In the present invention having the above structure, the high-concentration premixed gas producing means diffuses and mixes the fuel gas and the air to produce the high-concentration premixed gas under a low pressure loss. The low-concentration premixed gas is created by the gas creating means under a low pressure loss. The high-concentration premixed gas produced by the high-concentration premixed gas producing means is collectively supplied to the plurality of first burners, and the low-concentration premixed gas produced by the low-concentration premixed gas producing means is provided in the plurality of second burners. Supplied all at once to the burner. A burner zone of the high-concentration premixed gas produced by the first burner and a burner zone of the low-concentration premixed gas produced by the second burner are arranged side by side on the combustion surface of the burner device. High-concentration premixed gas and low-concentration premixed gas are ejected side by side on the combustion surface when the corresponding premixed gas is ejected from each flame nozzle zone of the Is achieved.

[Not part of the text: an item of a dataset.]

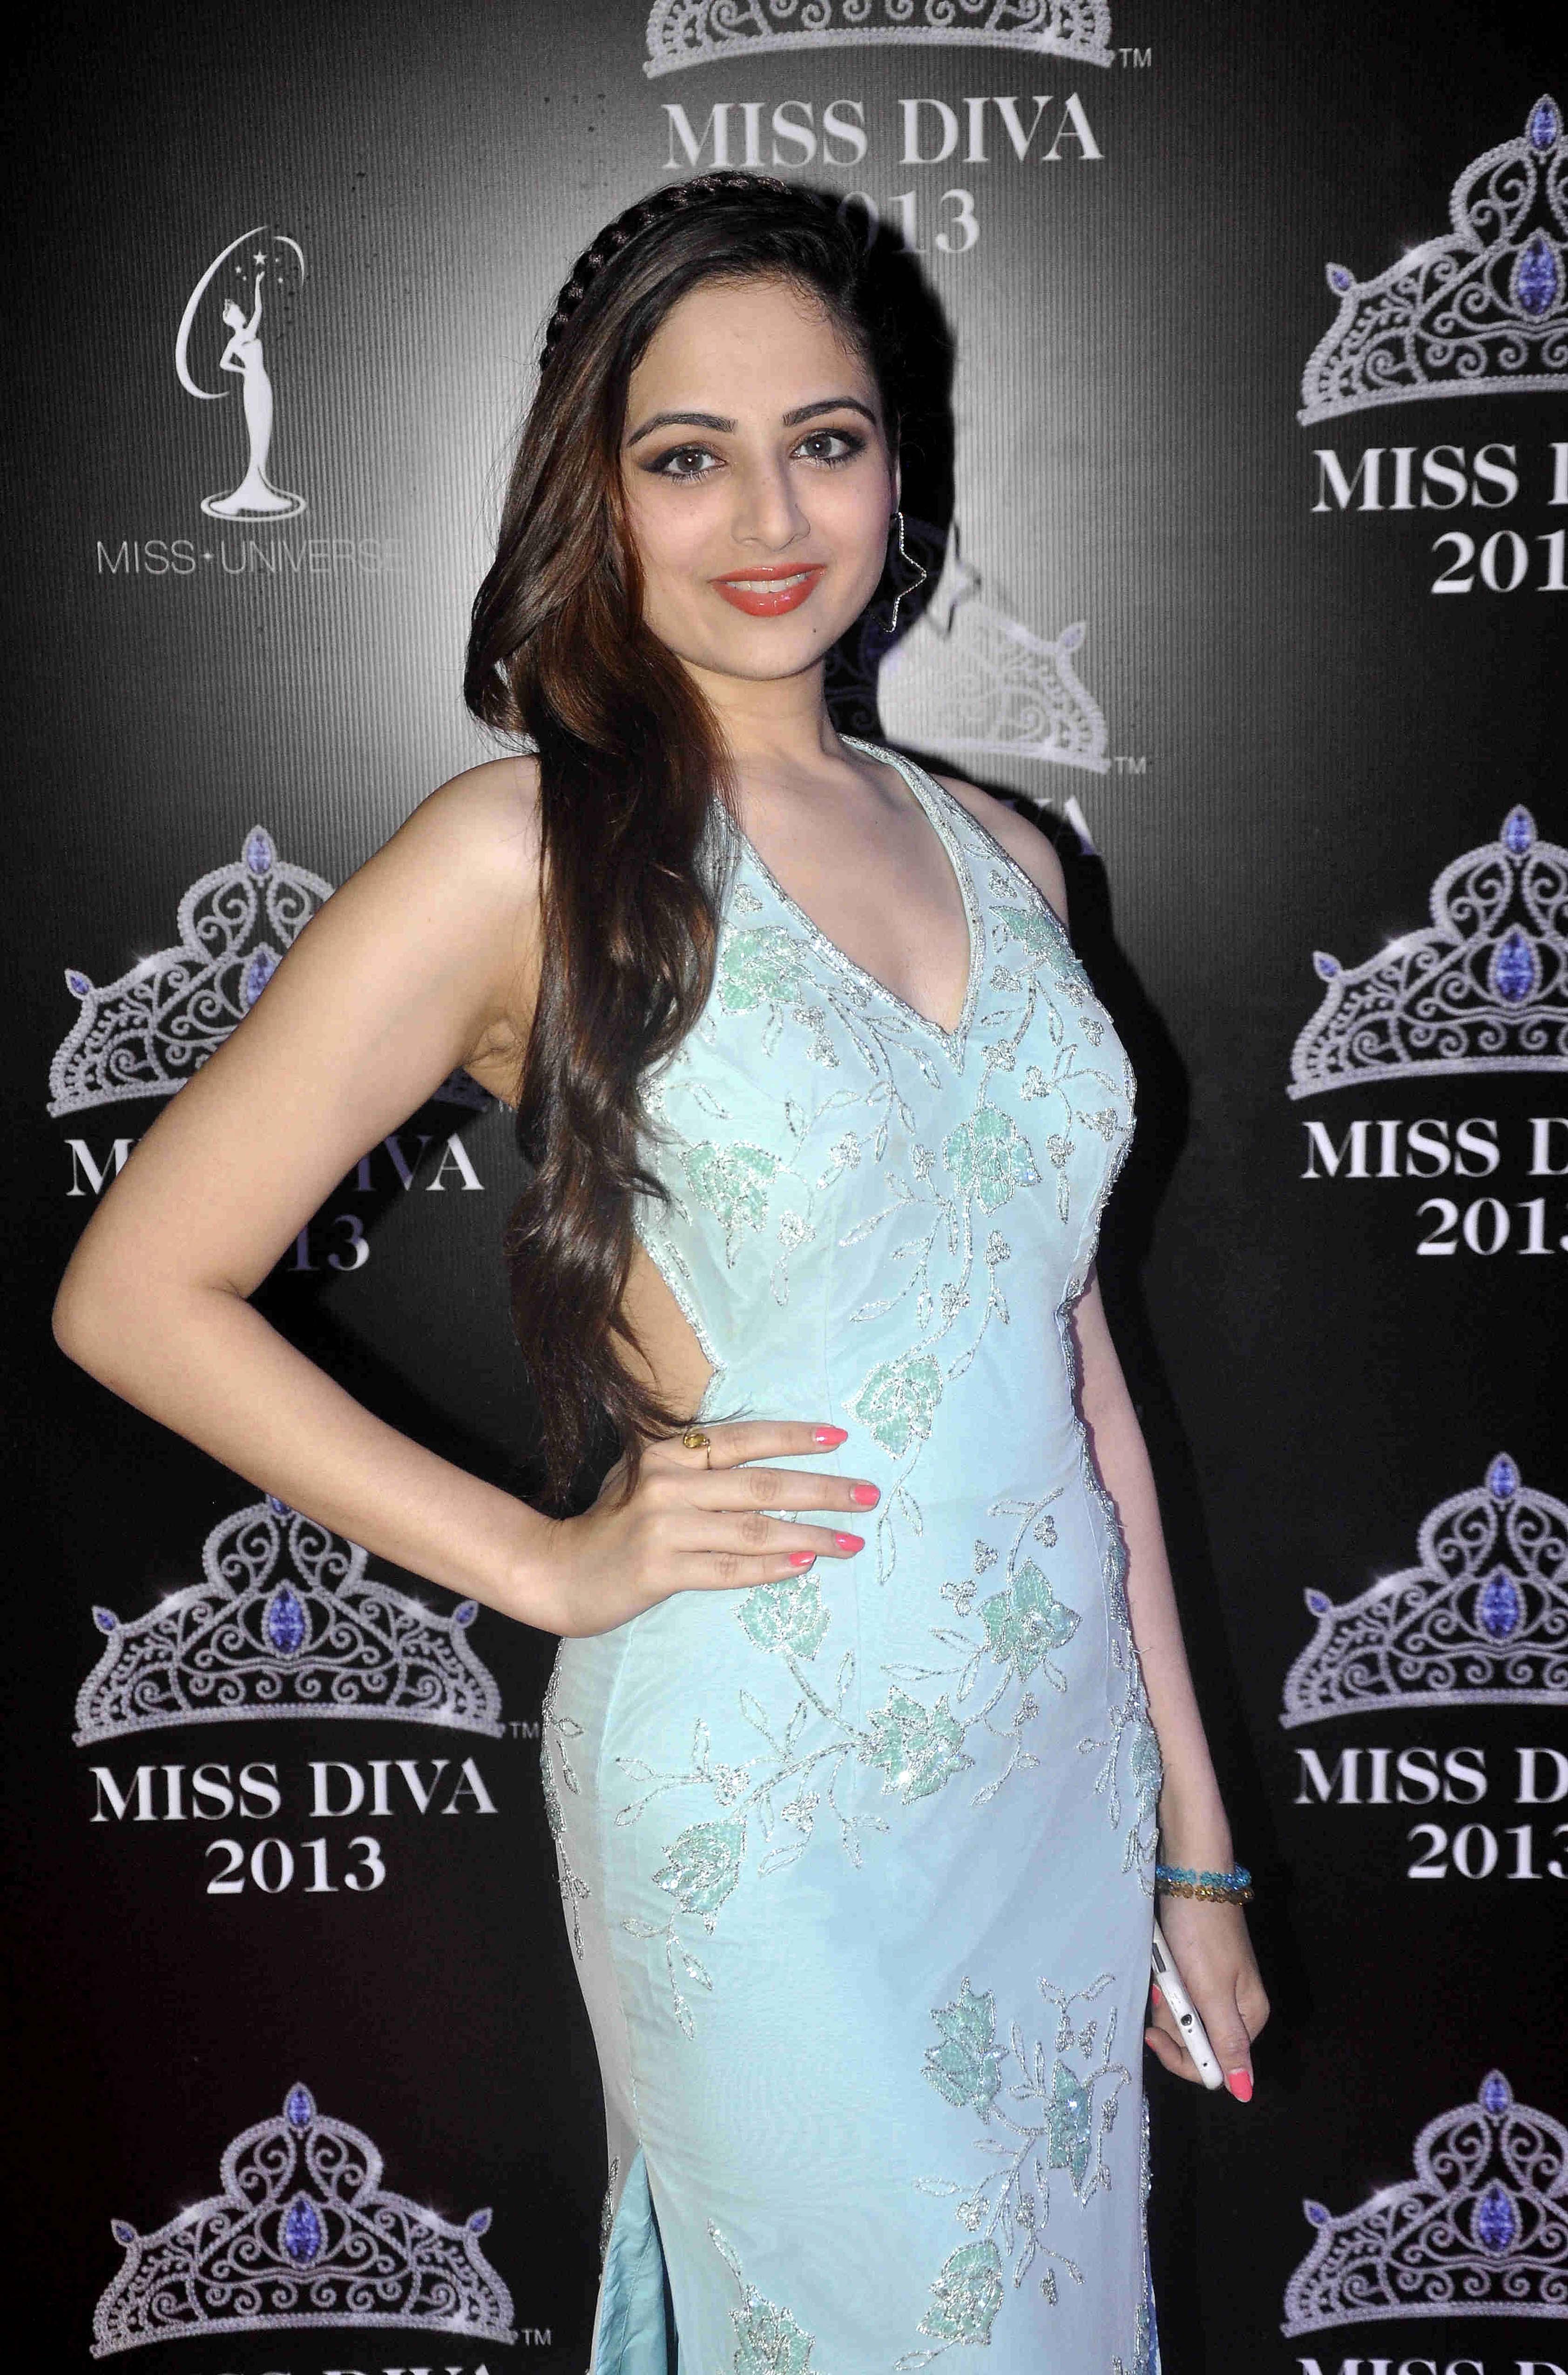 Miss Celebrity - Hair Salon - Horodenka - 2 Reviews - 78 ...

Combustion of the high-concentration premixed gas and the low-concentration premixed gas next to each other is performed in each of a plurality of combustion surfaces, and the combustion supply of the combustion surface is switched by intermittently switching the fuel gas by the gas supply control means. By performing the proportional control of the gas supply amount, the proportional control of the combustion amount is achieved for each combustion surface.

[0017]

Embodiments of the present invention will be described below with reference to the drawings. 1 to 5 show an embodiment of the burner device according to the present invention. In the burner device of this embodiment, a plurality of burner units 10 are installed in a row and the combustion surface of each burner unit 10 is assembled.
It has a configuration in which 11 are arrayed.

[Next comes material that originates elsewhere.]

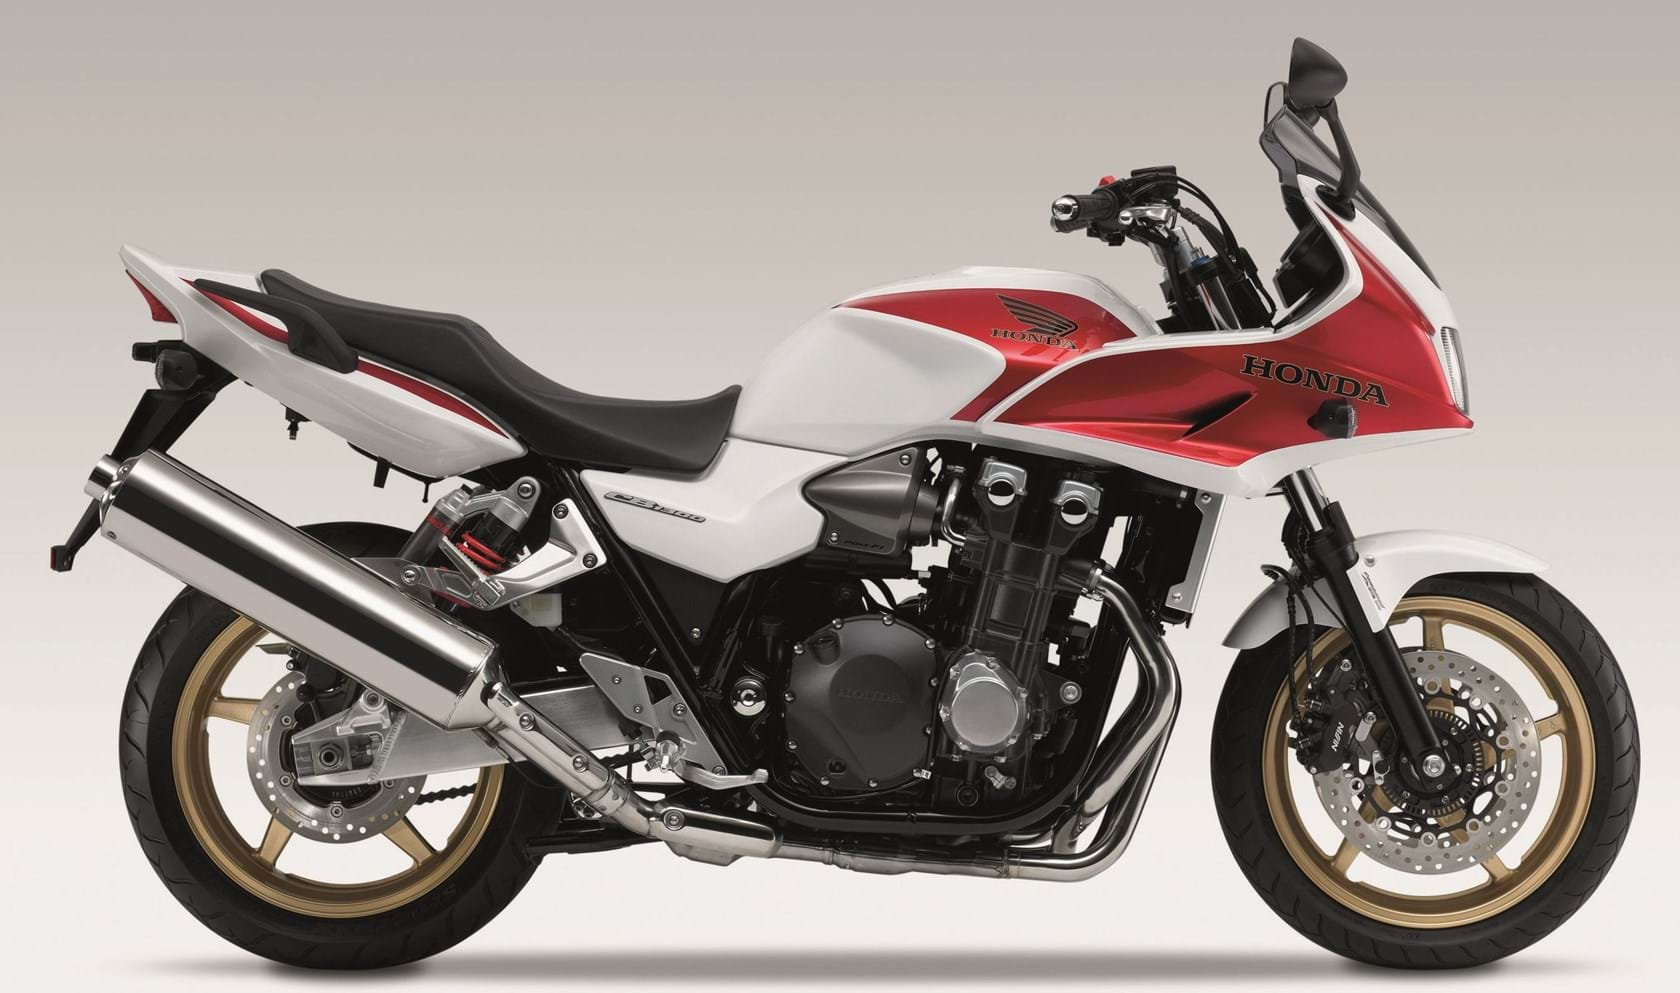 For Sale Honda Cb1300 The Bike Market

Each burner unit 10 is formed by alternately arranging first burners 43 for ejecting a high-concentration premixed gas and second burners 44 for ejecting a low-concentration premixed gas. Is the one in which the formation zone of the 43rd flame port 3 of the first burner 1 and the formation zone of the second flame port 4 of the second burner 44 are arranged side by side. In the present specification, the high-concentration premixed gas and the low-concentration premixed gas have a ratio of the fuel gas amounts of about 3: 7, and the ratio is 2: 8 to.
The target ratio is 1:10, and the ratio of the ratio of air to the theoretical amount of air is about 0.7: 1.7, and the ratio is 0: 1.4 to 0.8: 2.6.

The burner row of the first burner 43 and the second burner 44 of each burner unit 10 is arranged above the premixed gas generator 18.

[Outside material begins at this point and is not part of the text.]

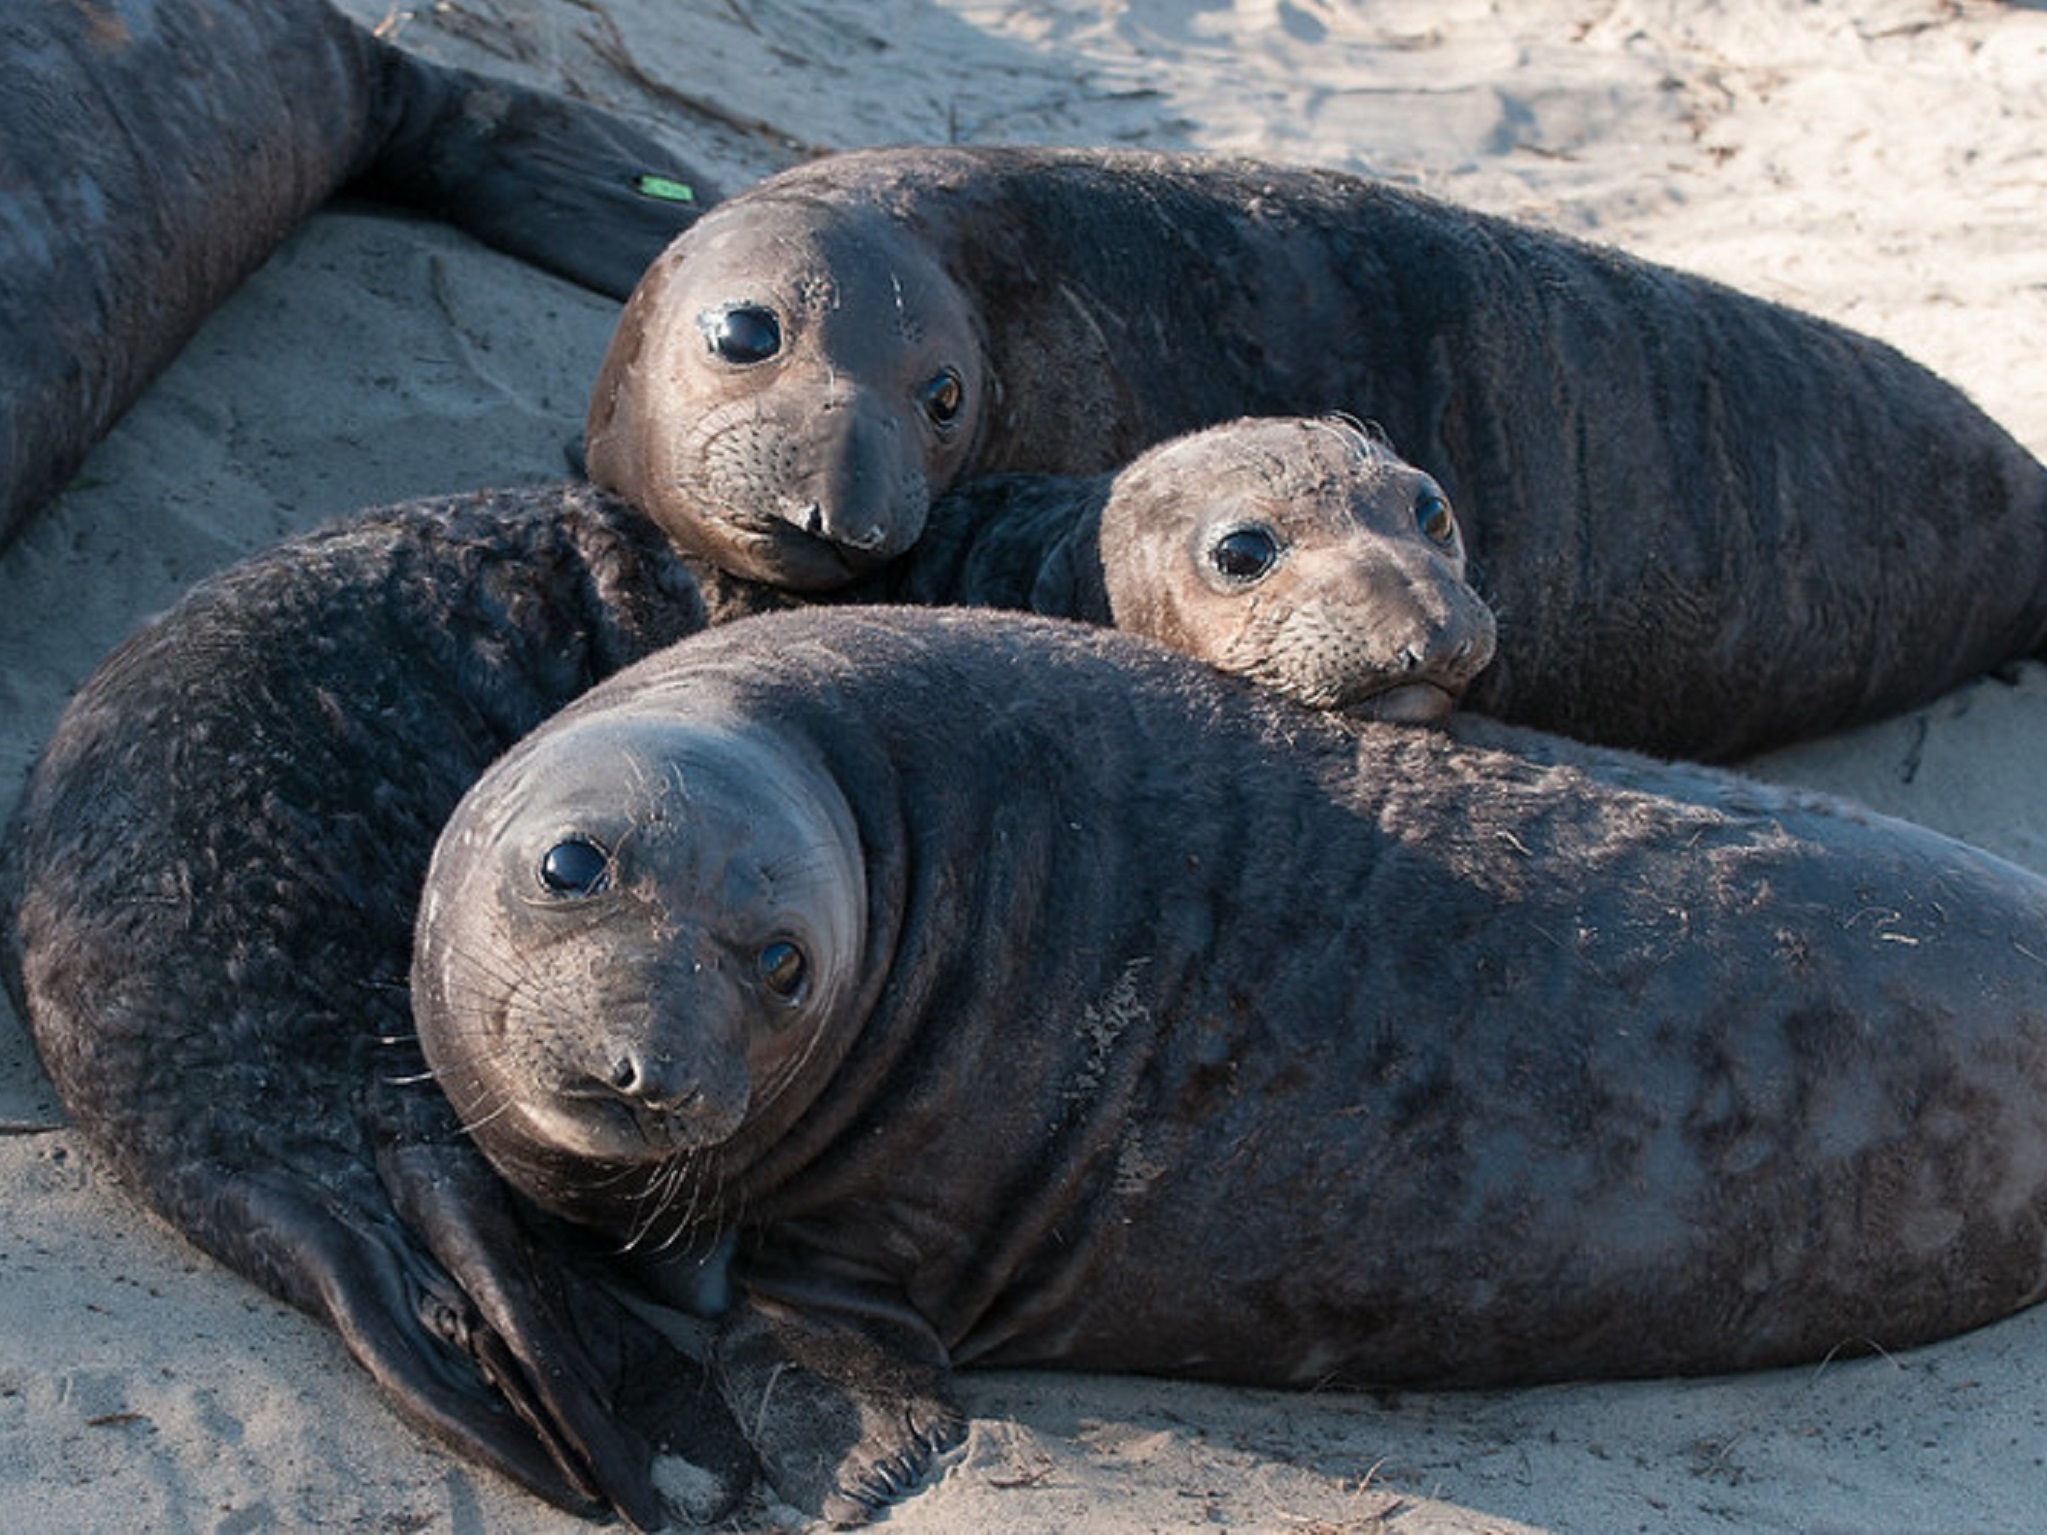 Three elephant seal pups on the beach

As shown in FIG. 3, the premixed gas generator 18 has a premixing section 23 formed on the upper side of the gas supply chamber 22 and a premixed gas distribution section 24 formed on the upper side thereof.
A gas branch supply pipe 25 for fuel gas is connected to 22.
The premixing section 23 has a rectangular block shape and is formed by a pair of staggered longitudinally extending mixing passages 26a, 26b which are separated from each other. The exit side of the mixing passage 26a is a dead end. The right end side of the mixing passage 26b in the drawing is also an air intake 27, and the mixing passage 26b
The exit side of is also a dead end. Premixing section 23
The central mixing passage 28 is located between the mixing passages 26a and 26b in the center of the
Are formed so as to penetrate vertically. At the lower end side of the central mixing passage 28, a swirling mixer 30 is installed and fixed above the gas supply chamber 22.

This swirling mixer 30 comprises a plurality of sloped walls 31 inclined in the tangential direction of the circumference, arranged at substantially equal intervals on the circumference.
The air entering from the air introduction port 32 of the swirling mixer 30 is guided by the sloped wall 31 to create a swirling flow. On the bottom surface of the swirl mixer 30, that is, on the upper surface side of the gas supply chamber 22, a plurality of gas ejection holes 33 for raising the fuel gas are formed inside the swirl mixer 30. The fuel gas rising upward from the gas introduction hole 33 and ejected into the swirling mixer 30 collides with the air introduced from the air introduction port 32 at a right angle, and the colliding air and the fuel gas swirl and are centrally mixed. A high-concentration premixed gas is produced by uniformly stirring and mixing through the passage 28.

A central premixed gas chamber 34 is provided at the center of the premixed gas distributor 24, and side premixed gas chambers 35 are provided on both sides thereof.
Each of a and 35b is sectioned. The bottom wall of the central premixed gas chamber 34 communicates with the outlet side of the central mixing passage 28, and the high-concentration premixed gas produced by the swirling and mixing of the swirling mixer 30 is introduced therein.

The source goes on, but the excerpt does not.